Model Overview
The microsoft/LLaMA-2-13b-GTL-Delta is a 13 billion parameter model from Microsoft's Industrial Foundation Models (IFMs) family, built upon the LLaMA-2 architecture. It has been extensively fine-tuned on over 380 diverse tabular datasets, making it specialized for industrial applications. The model processes language-formatted tabular data as input prompts and generates predictive answers for both classification and regression tasks.
Key Capabilities
- Tabular Data Processing: Optimized for analyzing and making predictions from structured tabular data.
- Industrial Applications: Designed for use across various industrial sectors, including commerce, healthcare, energy, and sustainability.
- Classification and Regression: Supports both classification and regression tasks based on the input prompt's instructions.
- In-context Learning: Leverages in-context learning to interpret and respond to prompts containing context data, task instructions, or direct questions.
Intended Uses
This model is best suited for scenarios requiring accurate predictions from diverse tabular datasets in industrial contexts. Users should format prompts to include feature descriptions, label descriptions, and the data itself, often in a table format, to guide the model effectively. The model's tokenizer supports a vocabulary size of up to 32,000 tokens, consistent with the base LLaMA-2 model.

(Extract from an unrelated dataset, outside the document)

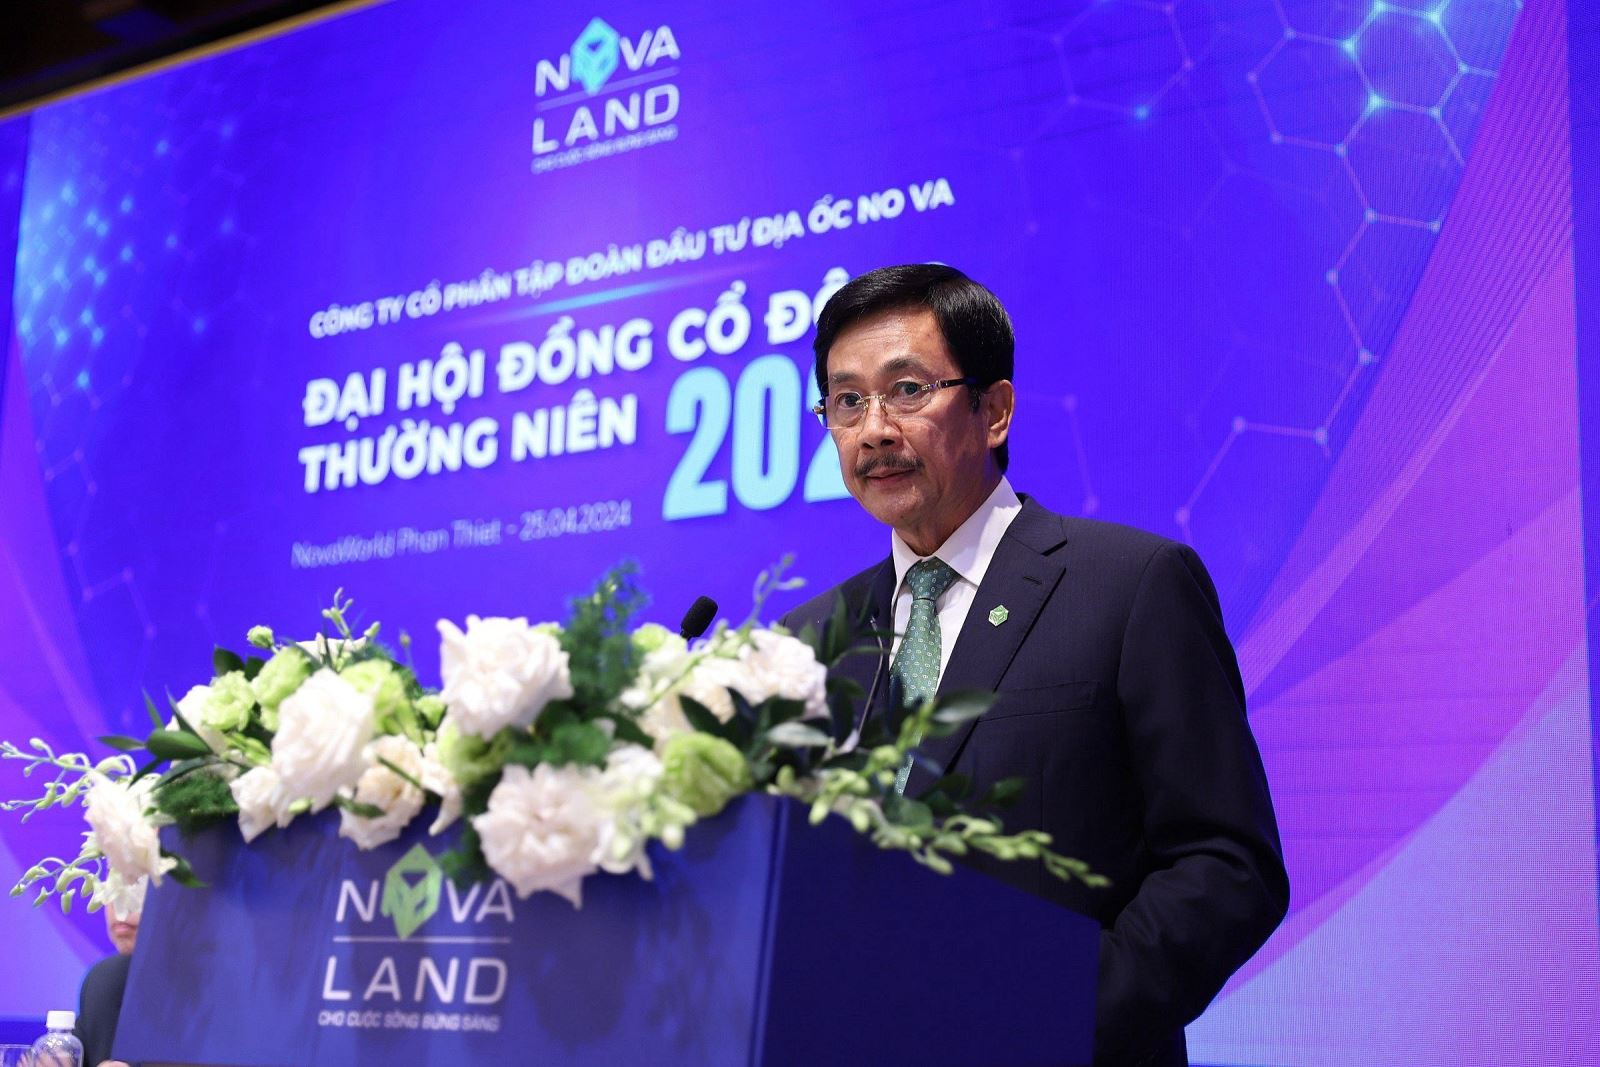 NVL: Ông Bùi Thành Nhơn nói về tình hình mới của Novaland

Responsible AI Considerations
Like other large language models, LLaMA-2-13b-GTL-Delta may exhibit biases due to its training data, potentially leading to biased predictions in specific industrial scenarios. Users are advised to verify predictions with other sources or domain experts, especially in high-risk applications. Developers should implement responsible AI practices, including assessing suitability for consequential impacts, mitigating misinformation risks, and preventing harmful content generation or misuse.